Human papillomavirus (HPV) has been identified as the main etiological factor in the developing of cervical cancer (CC). This finding has propitiated the development of vaccines that help to prevent the HPVs 16 and 18 infection. Both genotypes are associated with 70% of CC worldwide. In the present study, we aimed to determine the emergence of high-risk nonvaccine HPV after actual vaccination scheme to estimate the impact of the current HPV vaccines. A SIR-type model was used to study the HPV dynamics after vaccination. According to the results, our model indicates that the application of the vaccine reduces infection by target or vaccine genotypes as expected.

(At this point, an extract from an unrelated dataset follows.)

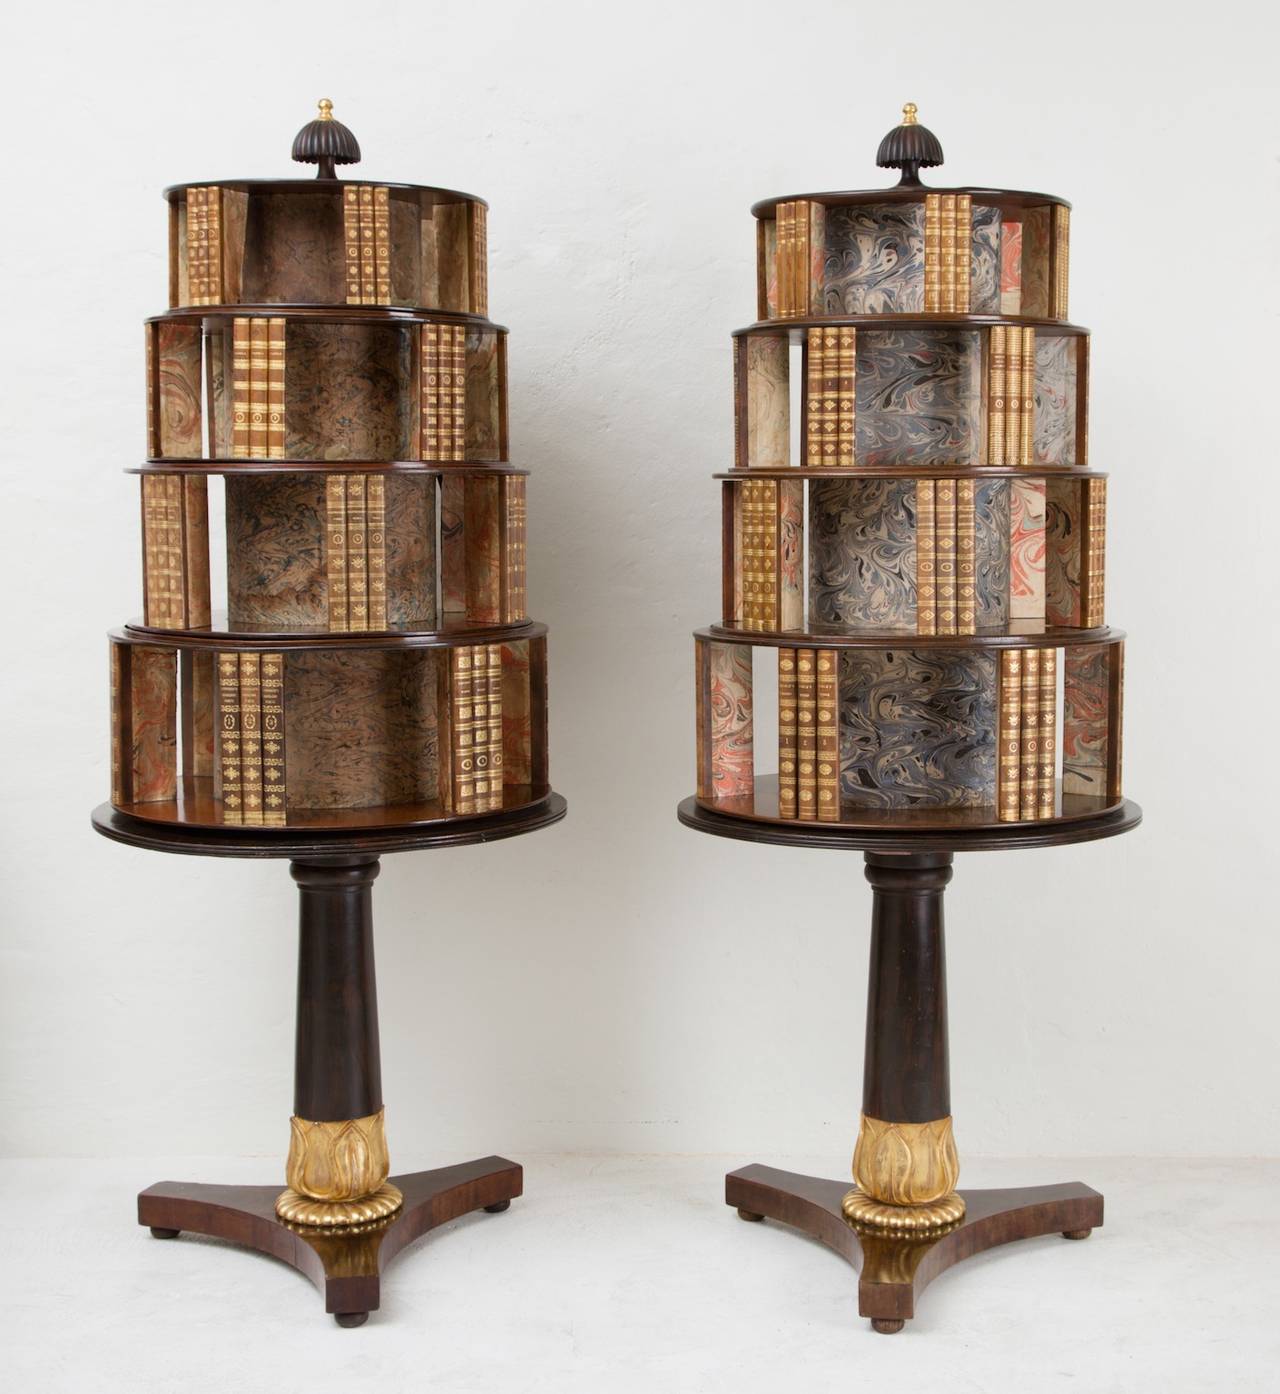 Early 19th Century Regency Faux Rosewood and Gilt Book Stands For Sale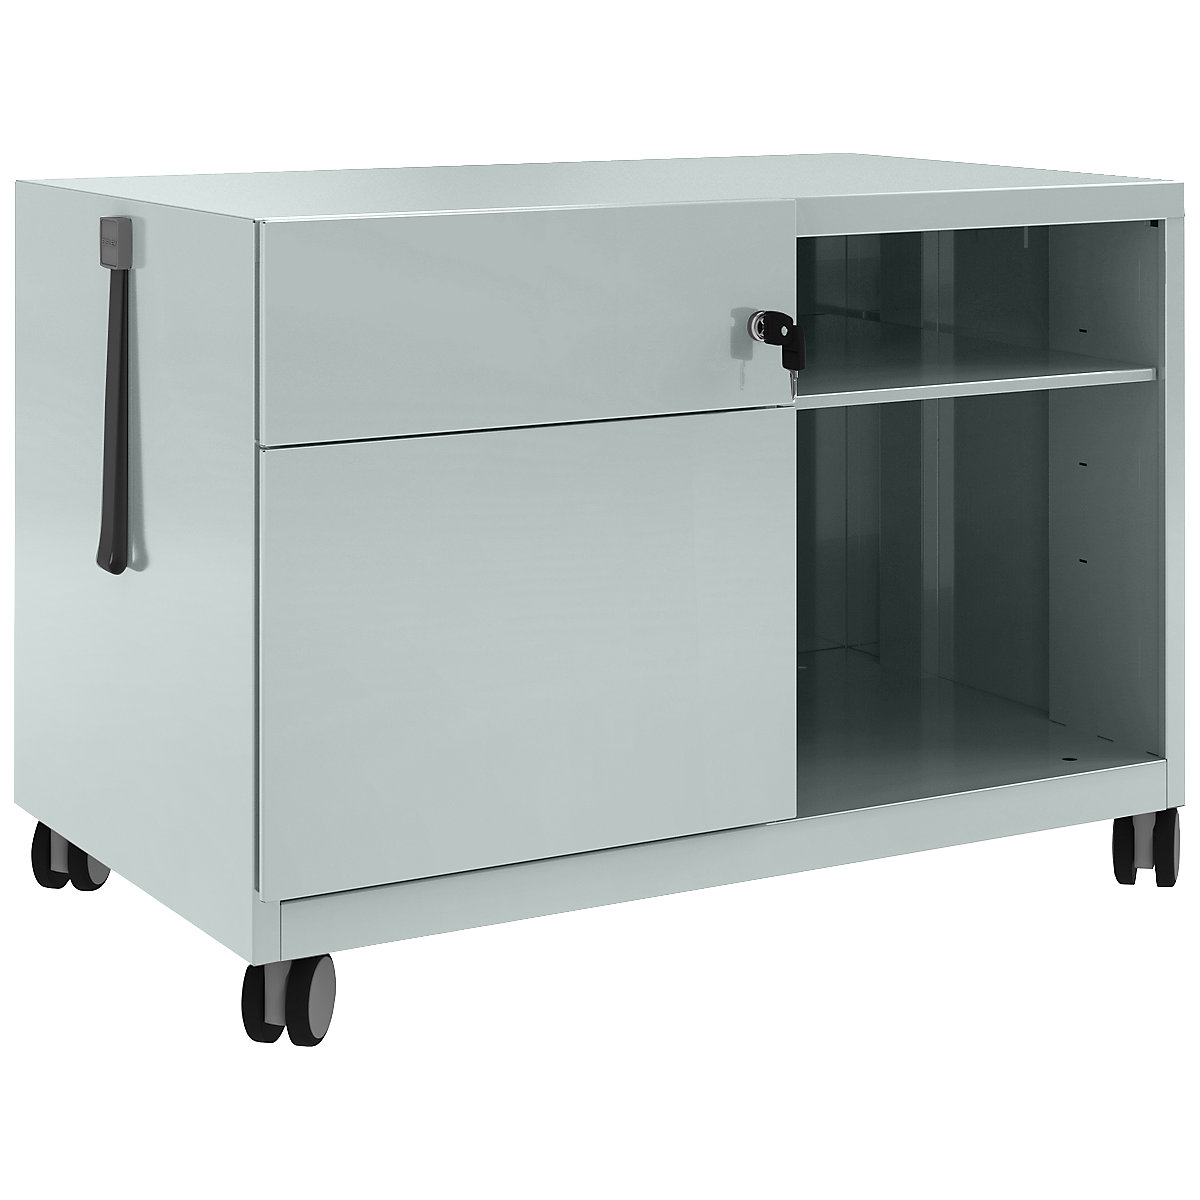 Chariot Note&trade; CADDY, h x l x p 563 x 800 x 490 mm - BISLEY

However, numerical simulations of the model suggest the presence of the phenomenon called vaccine—induced pathogen strain replacement. Here, we report the following replacement mechanism: if the effectiveness of cross-protective immunity is not larger than the effectiveness of the vaccine, then the high-risk nonvaccine genotypes emerge. In this scenario, further studies of infection dispersion by HPV are necessary to ascertain the real impact of the current vaccines, primarily because of the different high-risk HPV types that are found in CC.